Bush zlecił zamrożenie aktywów firm państwowych Birmy
Prezydent USA George W. Bush poinformował, że zlecił ministerstwu skarbu zamrożenie aktywów państwowych firm birmańskich, by zwiększyć nacisk na władze Birmy w sferze praw człowieka.
Wydałem dziś nowe zarządzenie, które zleca ministerstwu skarbu zamrożenie aktywów państwowych firm birmańskich, które stanowią istotne źródło funduszy wspierających juntę birmańską - oświadczył Bush podczas obchodów Miesiąca Amerykańskiego Dziedzictwa Azji i Pacyfiku.
W październiku 2007 roku Bush ogłosił poprzednie zaostrzenie amerykańskich sankcji ekonomicznych wobec junty wojskowej w Birmie za ignorowanie żądań wspólnoty międzynarodowej, by "powstrzymała swoje okrutne prześladowania". Prezydent USA polecił wówczas zamrożenie aktywów 11 członków junty, nie precyzując dokładnie, o kogo chodzi.

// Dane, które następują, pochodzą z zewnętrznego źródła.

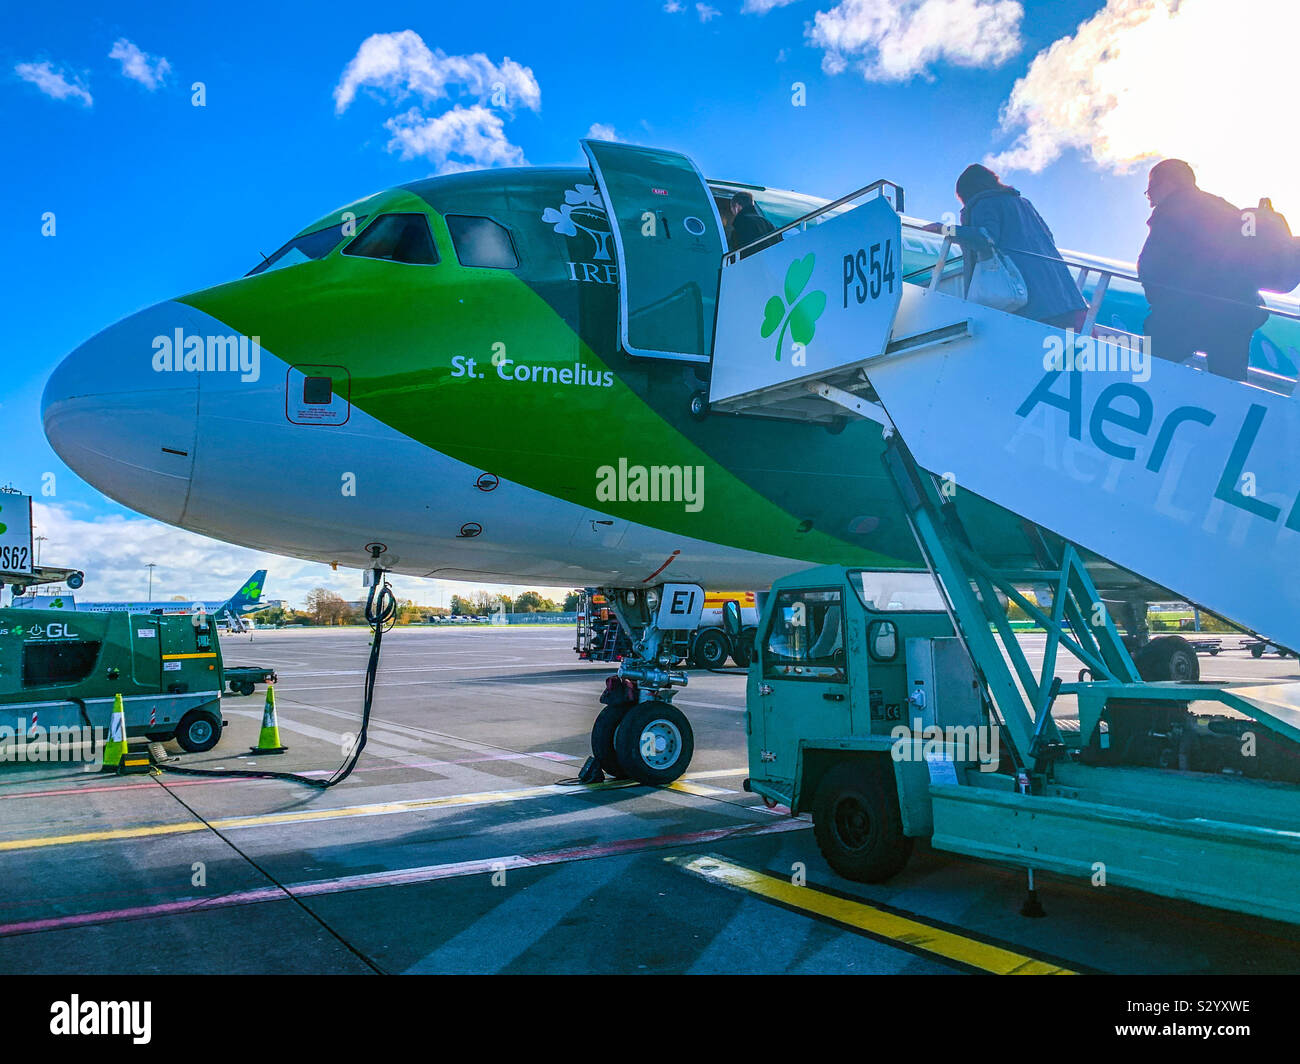 Embarking an Aer Lingus airbus A320-214 with Irish Rugby Team Livery at Dublin airport Stock Photo
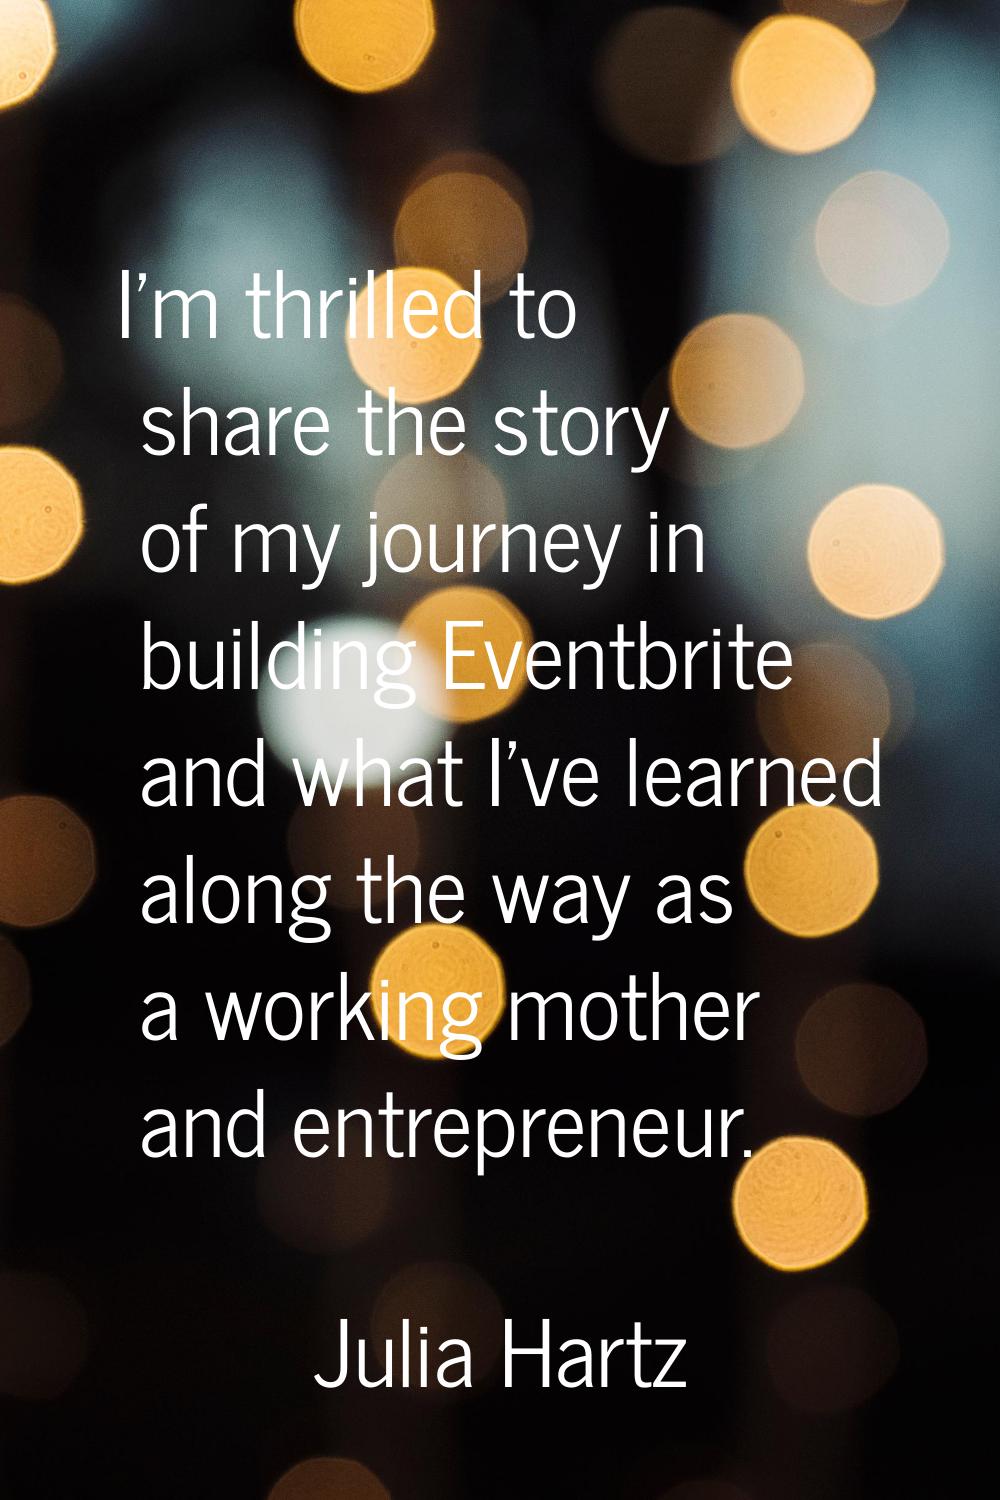 I'm thrilled to share the story of my journey in building Eventbrite and what I've learned along th

Pod koniec września ubiegłego roku USA wprowadziły sankcje ekonomiczne wobec 14 członków junty w związku z użyciem siły przeciwko uczestnikom antyrządowych protestów. Sankcje polegały na zakazie wszelkich amerykańskich transakcji finansowych z tymi politykami i zamrożeniu wszystkich ich ewentualnych aktywów w USA. Prezydent USA polecił również zaostrzenie kontroli eksportu amerykańskich towarów do Birmy.
Fala demonstracji w Birmie wybuchła około połowy września 2007 roku i trwała ponad dwa tygodnie, spotykając się ze zbrojną odpowiedzią policji i wojska, a następnie z falą represji. Według źródeł dysydenckich represje wobec opozycji spowodowały blisko 200 ofiar śmiertelnych, choć władze Birmy utrzymują, że było ich dwadzieścia razy mniej.
W rocznym raporcie poświęconym prawom człowieka, opublikowanym w marcu przez Departament Stanu, Waszyngton wymienił Birmę wśród 10 państw, w których władza w 2007 roku "była skoncentrowana w rękach przywódców nierozliczających się przed nikim".